70 références au catalogue et présence dans dix pays
La première est celle d'un élu veveysan. Auteur d'un texte législatif sur l'apprentissage du système politique suisse et vaudois, il reçoit Hadi Barkat et intervient en sa faveur auprès de sa commune: la ville de Vevey va acheter 500 exemplaires pour les élèves des écoles, afin de leur apprendre la vie civique. D'autre part, le jeune homme a proposé à 150 personnes une formule de souscription afin de commander le jeu avant sa réalisation pour l'avoir à tarif réduit, «un peu comme du crowdfunding avant que le concept ne soit répandu». Un journaliste entend parler du jeu et en parle à la RTS: c'est la ruée... En quelques semaines, les 3000 exemplaires sont vendus et de nouvelles éditions sont lancées: une réédition en français mais aussi des versions en allemand, en italien, en anglais,...
SWISS IQ - Qui a le plus haut QI en suisse? from Helvetiq on Vimeo .
Ce premier succès lui donne des ailes. Sur la base de la jeune société Helvetiq créée pour commercialiser le jeu, d'autres idées sont imaginées. Au fil des mois, le potentiel s'affirme. Certaines rencontres permettent d'envisager des projets plus ambitieux. Ainsi, Hadi Barkat raconte cette anecdote survenue à Boston alors qu'il y vivait dans le cadre d'un poste de coach pour CEO d'une startup: «Je reçois une commande d'un jeu Helvetiq et je me rends compte que la commande émane d'une personne installée à Boston: je l'appelle et lui dis en plaisantant que nous avons un service de livraison express. Dix minutes plus tard, je lui déposais un jeu que j'avais en réserve avec moi. Il a été tellement amusé par ce hasard et a tellement apprécié le jeu qu'il m'a mis en relation avec un studio de jeux en Californie».

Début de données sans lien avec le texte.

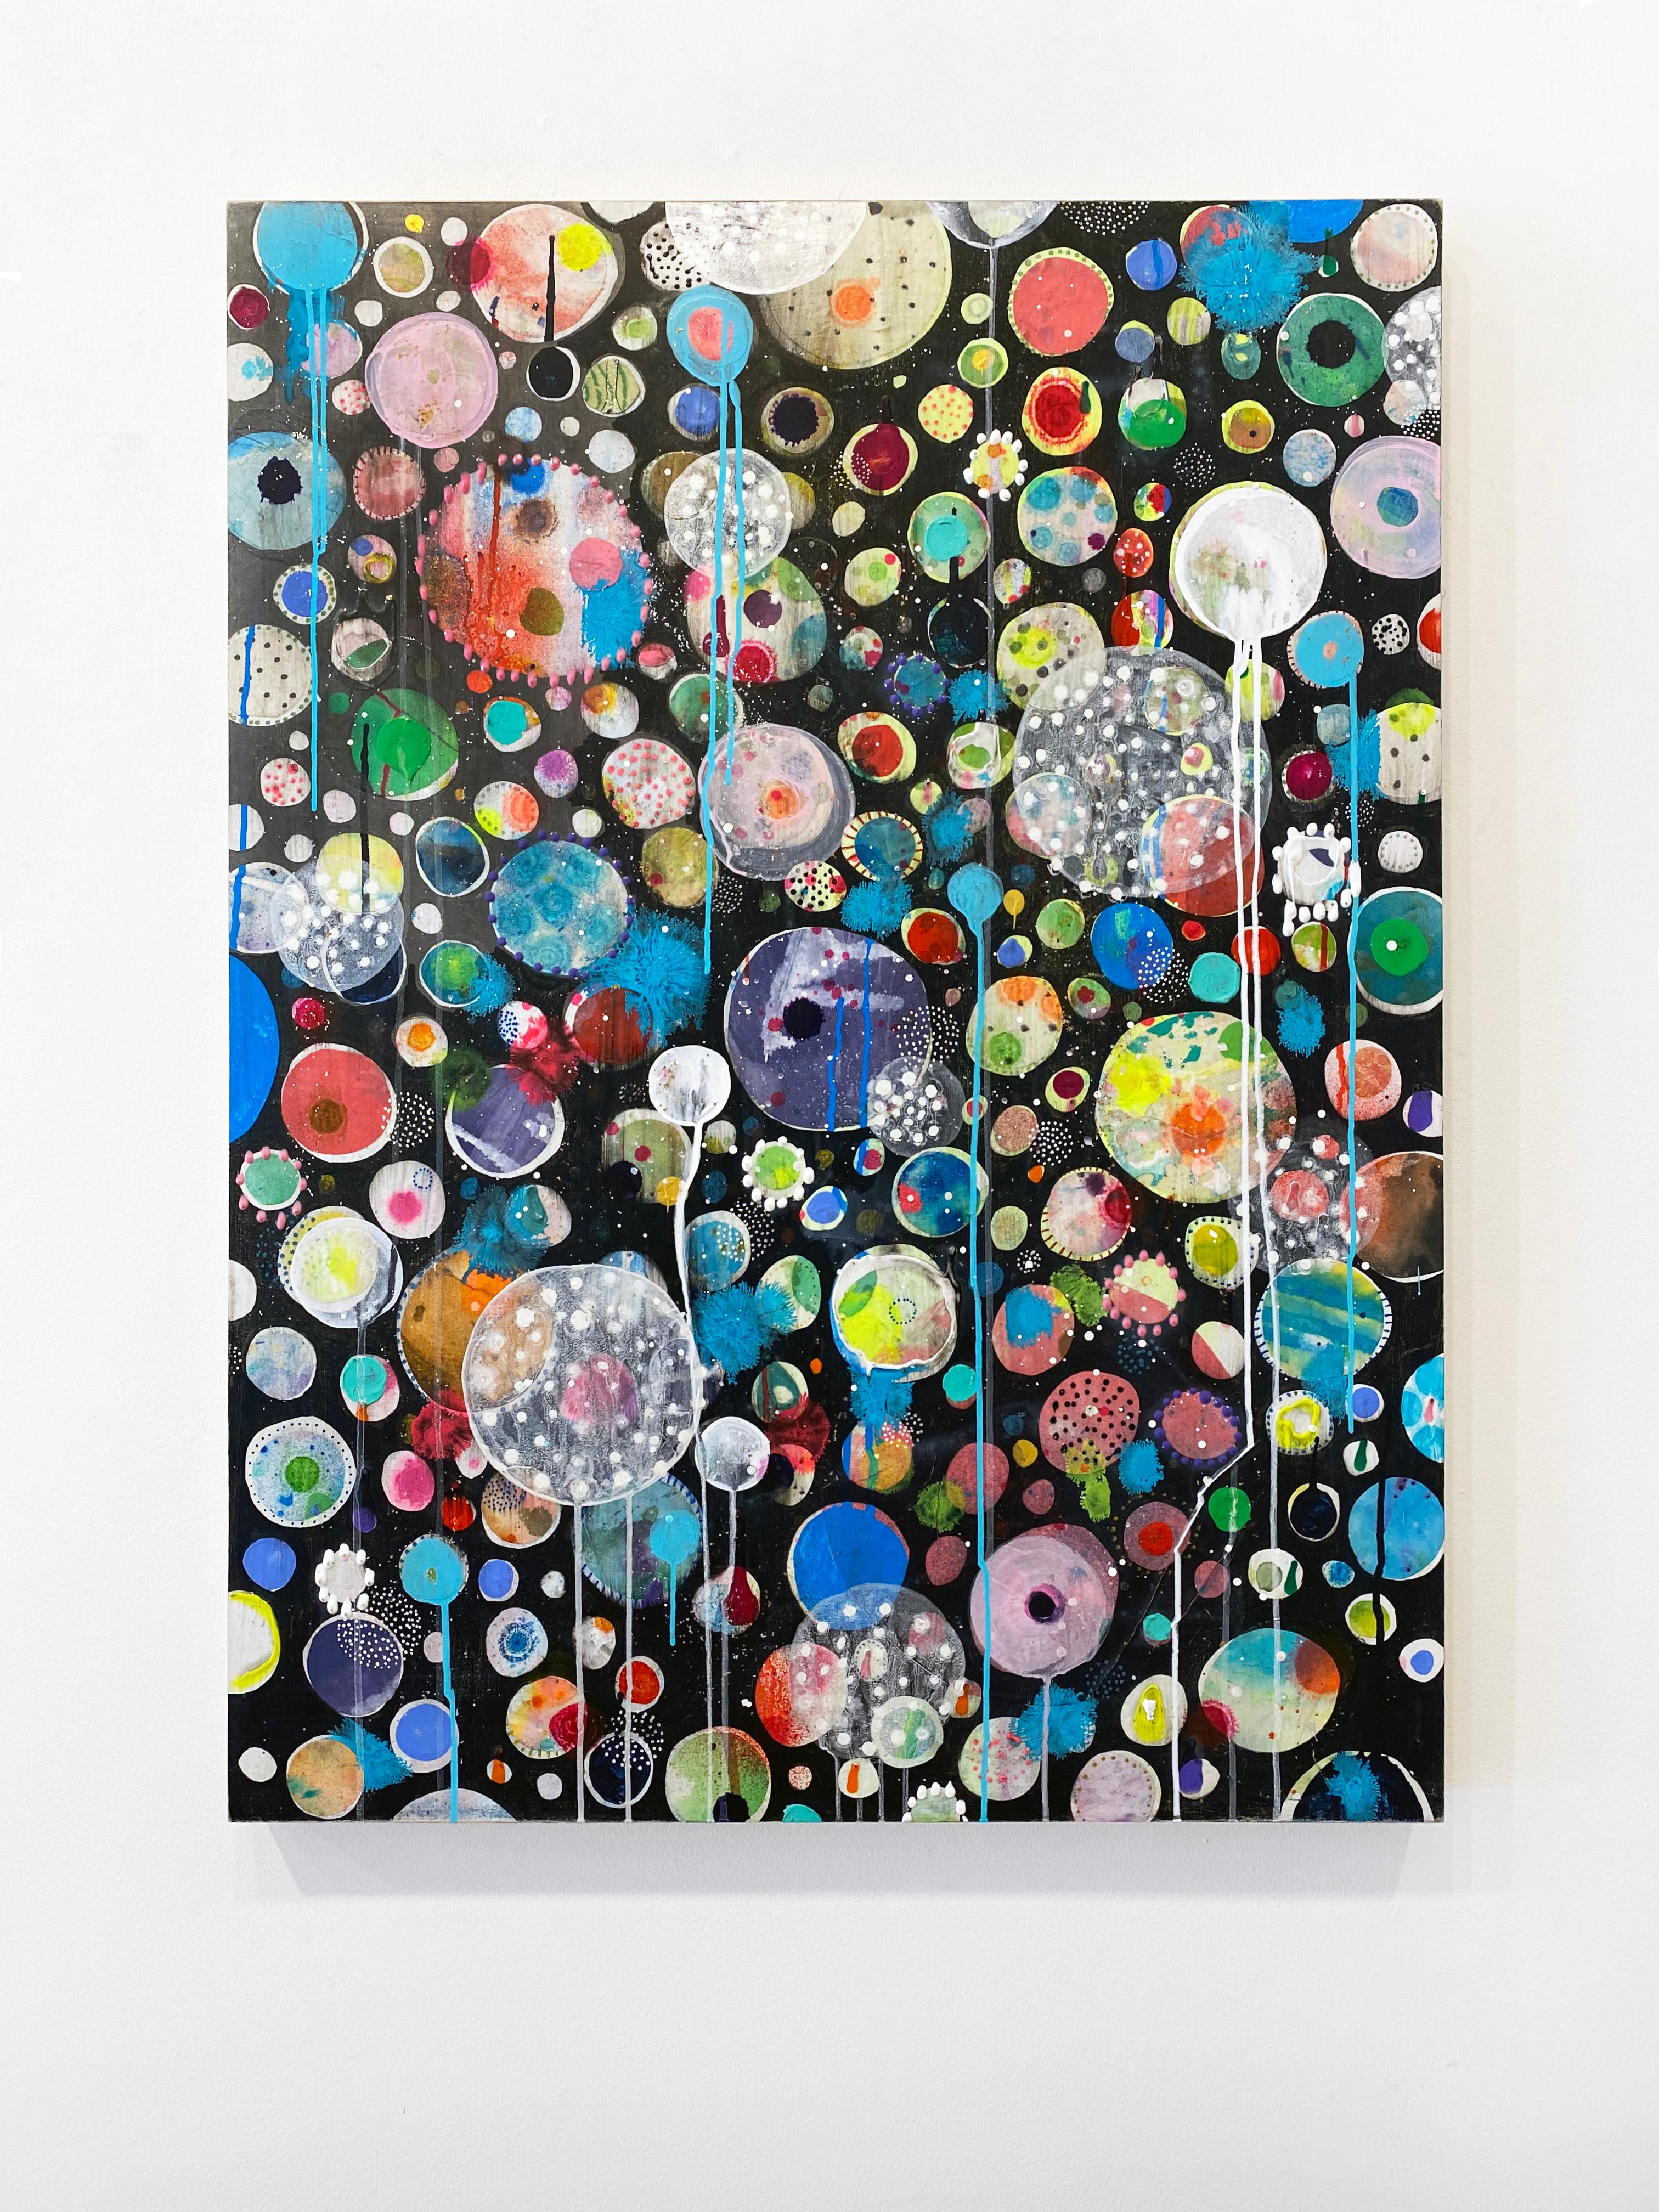 Abstract, Colorful Mixed Media Painting by Liz Tran 'Perseid I' 1

En 2010, changement de cap: Helvetiq est désormais une startup assez mûre pour que son fondateur s'y consacre à plein temps. Il recrute immédiatement un collaborateur pour s'occuper du marché alémanique et pousse plus loin les idées surgies au cours des mois précédents. Voient ainsi le jour successivement un jeu sur le vocabulaire, un autre sur les cantons, différentes boîtes thématiques sur les villes du pays, puis des livres dont un ouvrage parodique sur la contre-sagesse suisse. Les contacts outre-Atlantique ne sont pas oubliés pour autant. Un jeu centré sur New York est mis au point en coopération avec la société américaine. L'internationalisation est en marche: six ans après que le cofondateur se soit consacré à 100% à sa startup, Helvetiq est une société présente dans une dizaine de pays et avec un catalogue d'une septantaine de références. «Nous gardons un esprit startup avec une structure horizontale, mais les recrutements nous ont permis de gagner en structure et en organisation», glisse Margot Delévaux, responsable éditoriale d'Helvetiq, qui a rejoint l'équipe en cours d'année.
Conception suisse, fabrication en Allemagne, Pologne, Chine
Helvetiq emploie désormais neuf personnes sur deux sites, le siège de Lausanne et un bureau avec les créatifs à Bâle. Mais la jeune société fait aussi appel à des créateurs de jeux, des graphistes et d'autres spécialistes sur certains projets. «Notre formule est simple mais efficace: nous développons des divertissements intelligents, avec un design soigné typiquement suisse», explique Hadi Barkat. En plus des jeux de plateaux, des jeux de cartes et autres jeux de stratégie, livres et quiz, Helvetiq a également la capacité de développer des apps pour smartphones: «On va mettre au point une app quand il y aura une réelle plus-value entre le jeu physique et le contenu en ligne, comme pour un jeu sur les langues, afin d'ouvrir l'app et d'entendre les sons, ou sinon on peut aussi développer une app pour un jeu qui cartonne afin d'enrichir l'expérience du joueur», précise le CEO de la jeune société.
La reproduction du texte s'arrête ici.